## Supplied material
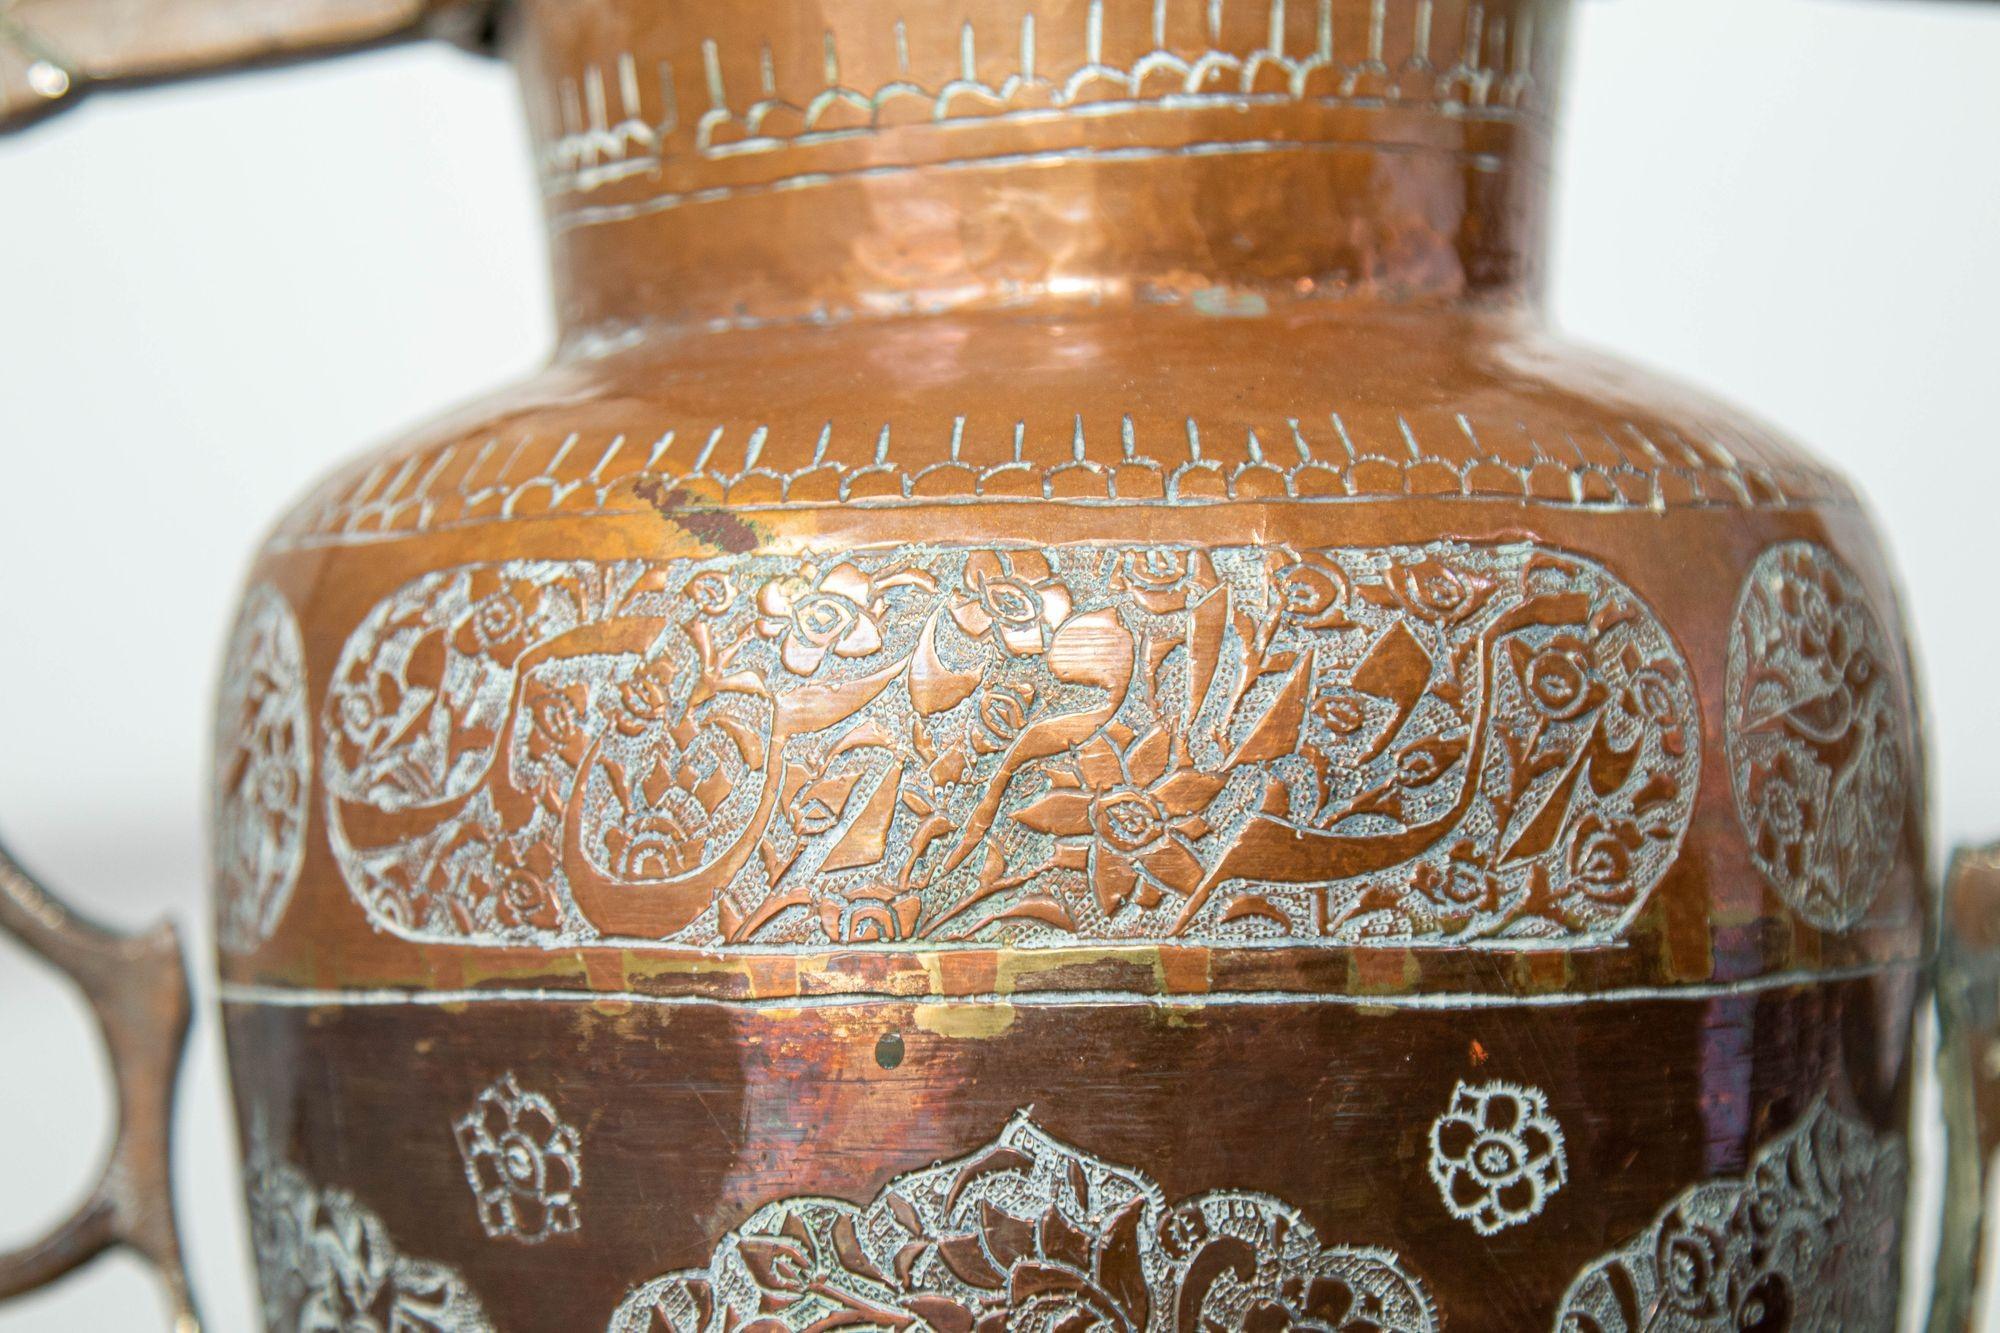 19th Century Antique Middle Eastern Islamic Copper Vase with Handles For Sale
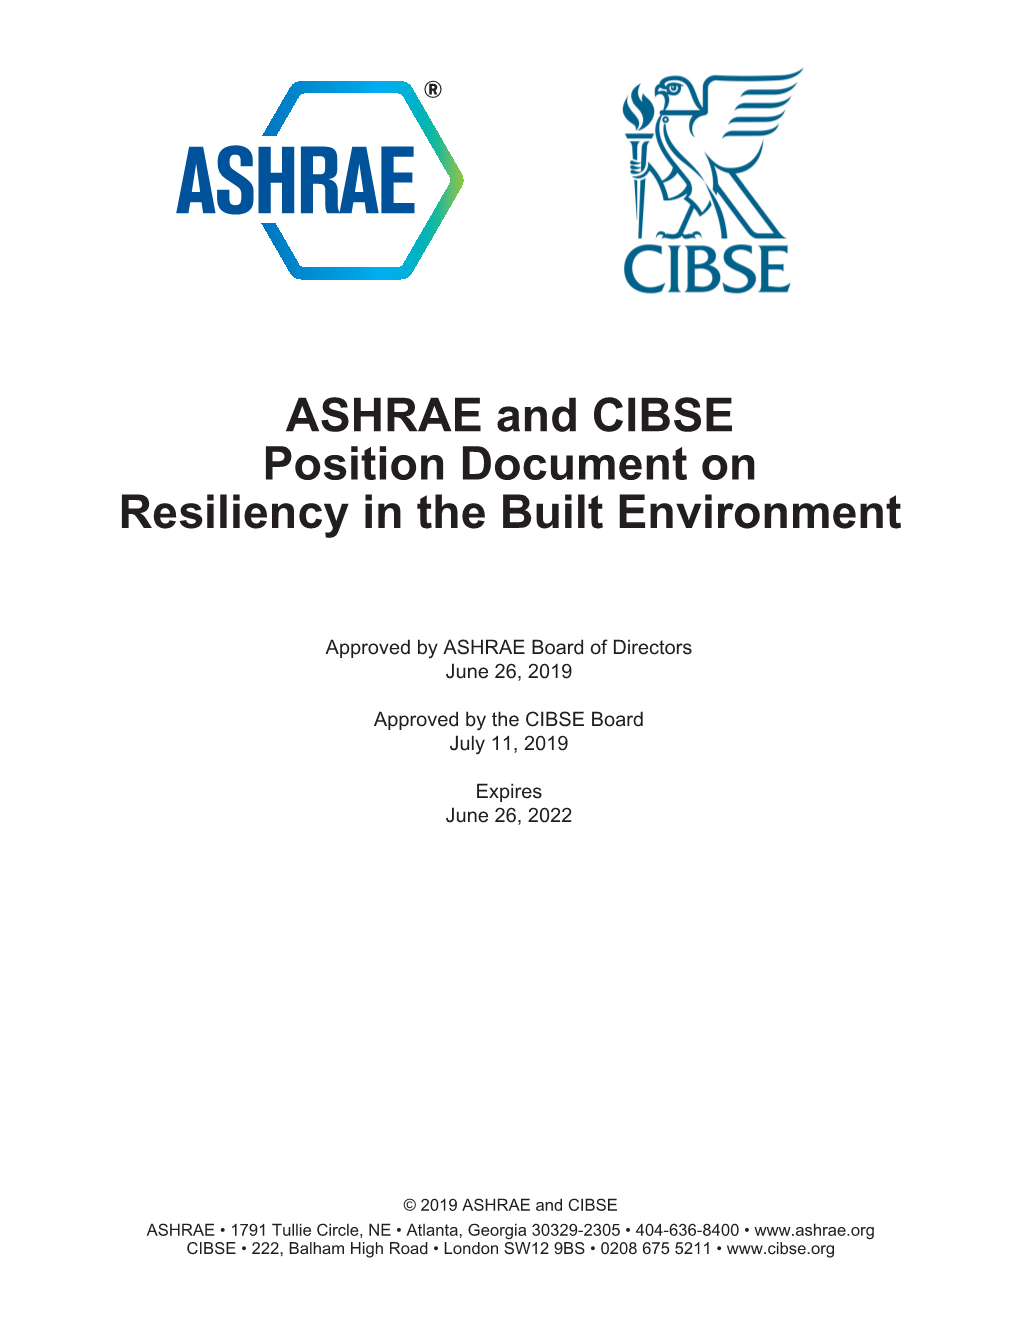 Position Document on Resiliency in the Built Environment
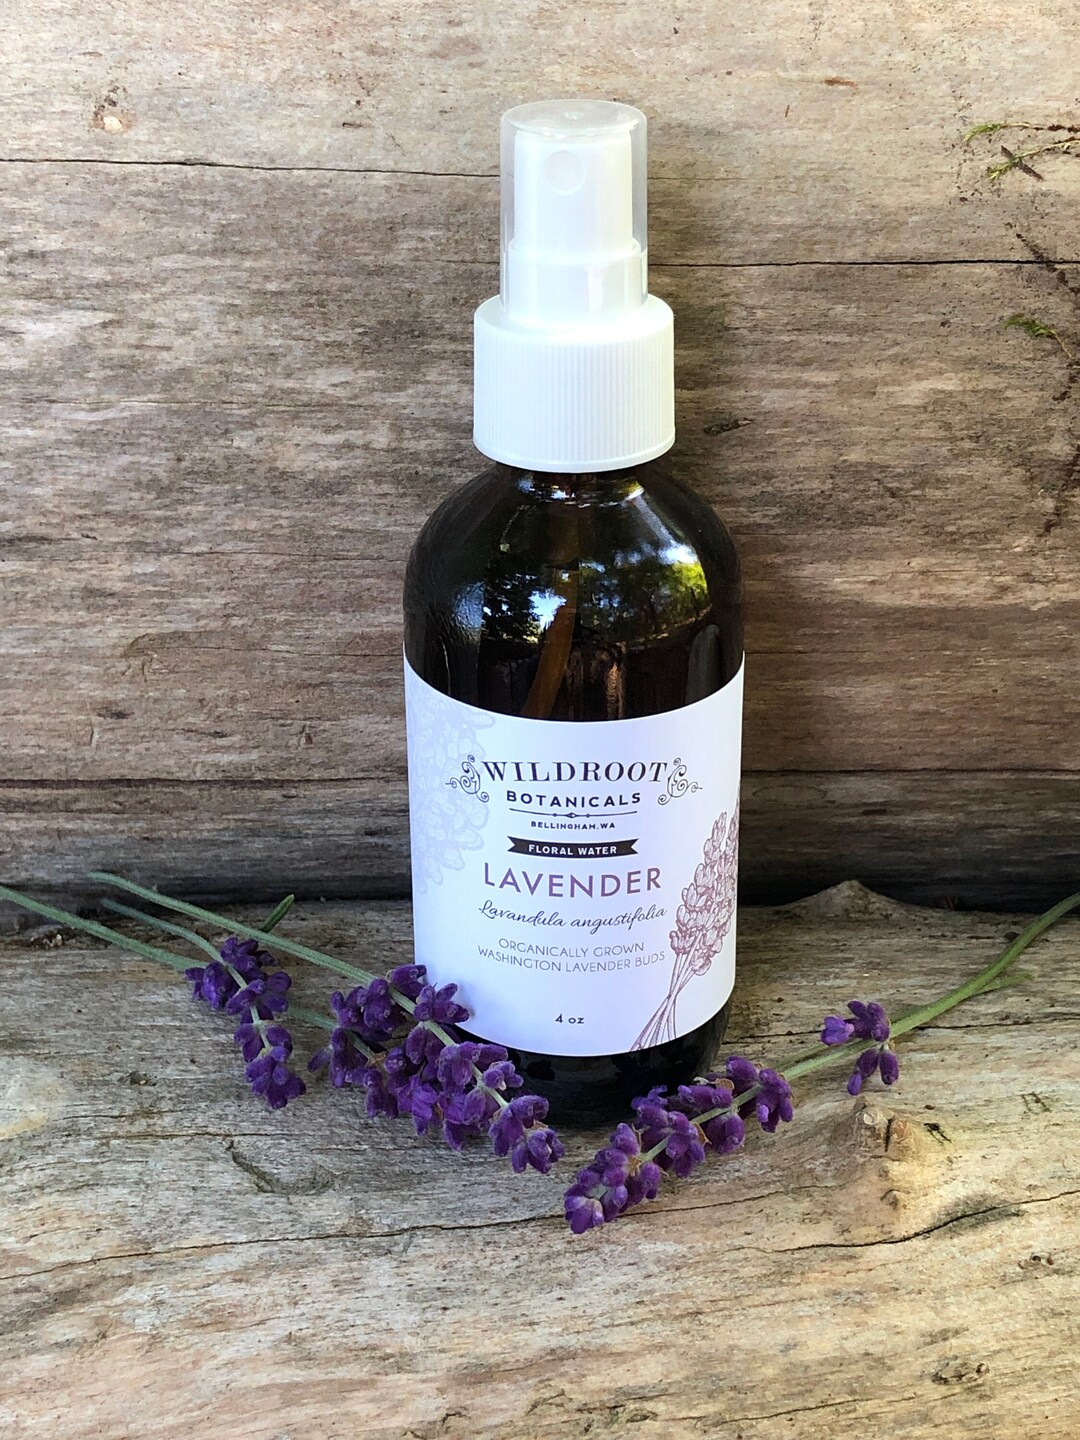 French Lavender Body & Linen Spray - 4oz Glass Spray Bottle - 94% Organic  Content - Lavandula Angustifolia Aromatherapy Mist - Safe for Kids and Pets

## Required work
Write out the listing word for word, omitting the pictures it holds.

## Written response
 19th Century Antique Middle Eastern Islamic Copper Vase with Handles For Sale
 Position Document on Resiliency in the Built Environment
 French Lavender Body & Linen Spray - 4oz Glass Spray Bottle - 94% Organic  Content - Lavandula Angustifolia Aromatherapy Mist - Safe for Kids and Pets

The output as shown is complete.